Conditions That Respond to Medical Cupping Bodywork Therapy:
Fibromyalgia, Poor Circulation, Sciatica, Insomnia, Anxiety, Cellulite, Toxicity, Asthma, Pneumonia, TMJ Dysfunction, Diabetes, Parkinson’s Disease, Chronic Pain, Menopause, Arthritis, Neuralgia, Migraines, Tension, Sluggish Colon, Athletic Stress, Scars, Aches, Spider Veins
Reflexology is a branch of massage that focuses solely on the hands and feet. Originally developed as “one therapy” in the early twentieth century, reflexology uses specifically targeted points on the extremities to send signals to the brain and balance the nervous system.
A reflexologist stretches and moves the hands and feet, applying pressure on reflex areas that correspond to specific organs and other parts of the body. Endorphins are released throughout the entire body, reducing stress and returning the body to equilibrium. Reflexology has been known to provide relief from ailments such as tension headaches, arthritis, digestive issues and back pain.
Myofascial release is a highly specialized stretching technique to treat patients with a variety of soft tissue problems.
To understand what myofascial release is and why it works, you have to understand a little about fascia. Fascia is a thin tissue that covers all the organs of the body. This tissue covers every muscle and every fiber within each muscle. All muscle stretching, then, is actually stretching of the fascia and the muscle, the myofascial unit. When muscle fibers are injured, the fibers and the fascia which surrounds it become short and tight. This uneven stress can be transmitted through the fascia to other parts of the body, causing pain and a variety of other symptoms in areas you often wouldn’t expect. Myofascial release treats these symptoms by releasing the uneven tightness in injured fascia.
In other words, myofascial release is stretching of the fascia. The stretch is guided by feedback the therapist feels from the patient’s body. This feedback tells the therapist how much force to use, the direction of the stretch and how long to stretch. Small areas of muscle are stretched at a time. Sometimes the therapist uses only two fingers to stretch a small part of a muscle. The feedback the therapist feels determines which muscles are stretched and in what order.
Each myofascial release technique contains the same components. The therapist finds the area of tightness. A light stretch is applied to the tight area. The therapist waits for the tissue to relax and then increases the stretch. The process is repeated until the area is fully relaxed. Then, the next area is stretched.
The therapist will be able to find sore spots just by feel. Often, patients are unable to pinpoint some sore spots or have grown used to them until the therapist finds them. The size and sensitivity of these sore spots, called myofascial trigger points, will decrease with treatment.
Most patients are surprised by how gentle myofascial release is. Some patients fall asleep during treatment. Others later go home and take a nap. Most patients find myofascial release to be a very relaxing form of treatment.

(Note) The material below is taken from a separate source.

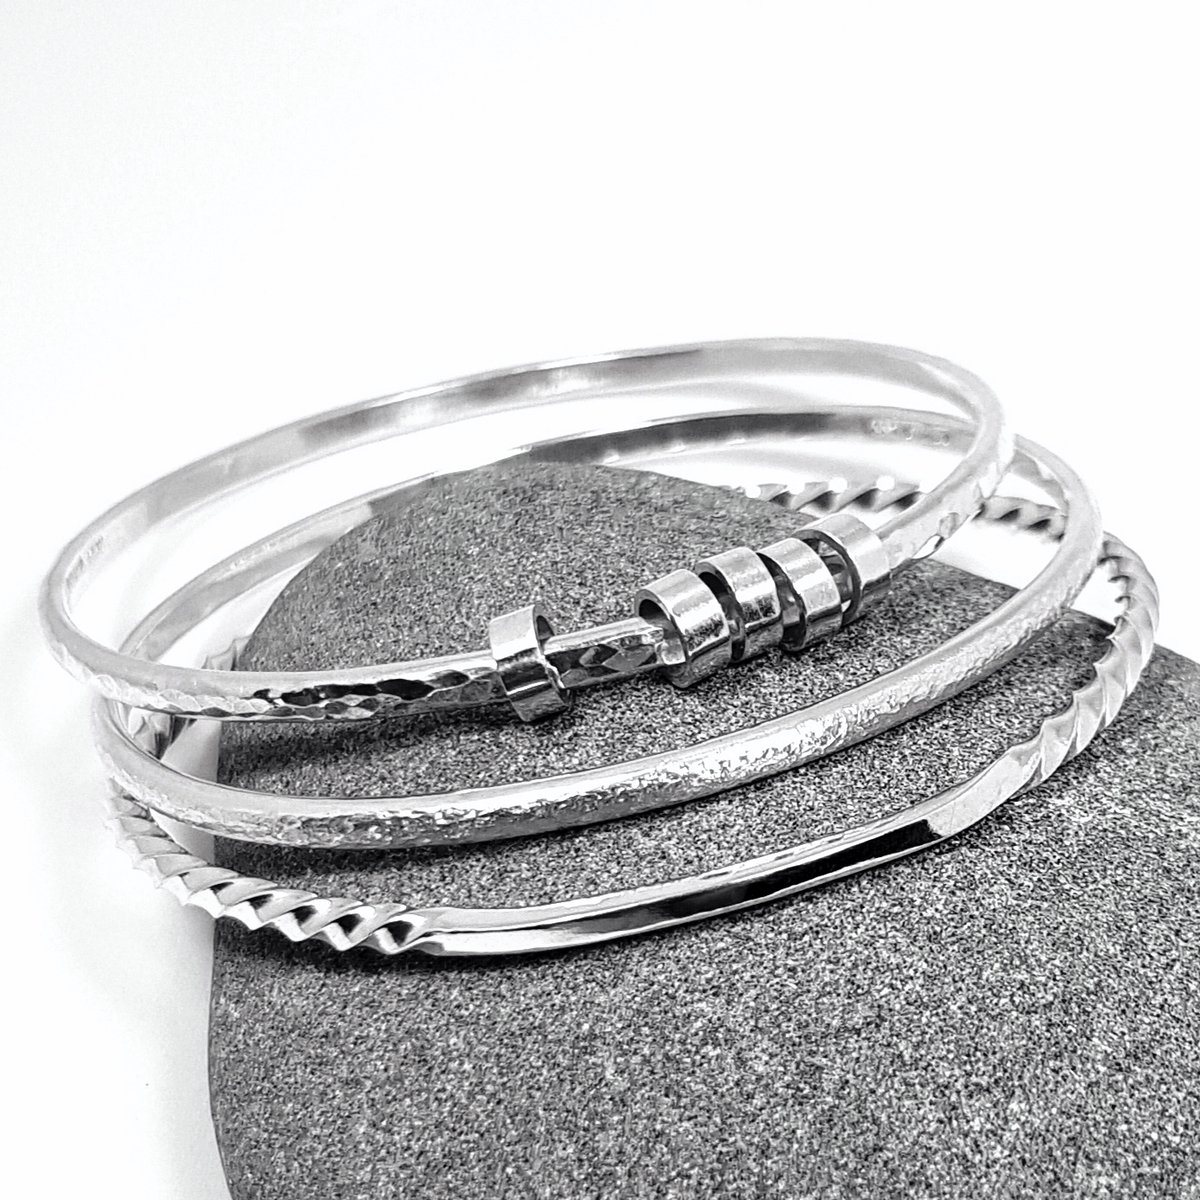 Image of Handmade Sterling Silver Bangle Bracelet, Solid Silver Twisted Wire Bangle

Myofascial release is not massage. Myofascial release is used to equalize muscle tension throughout the body. Unequal muscle tension can compress nerves and muscles causing pain. Progress is measured by a decrease in the patient’s pain and by an improvement in overall posture.
Massage can relieve post-operative pain and edema, and promote the removal of toxins as it assists in the flow of lymph, blood, and oxygen. Over time, clients will experience increased range of motion, reduced scar tissue, restored feeling and sensation by stimulating nerve endings, an improved body image and may become more aware and reconnected to themselves.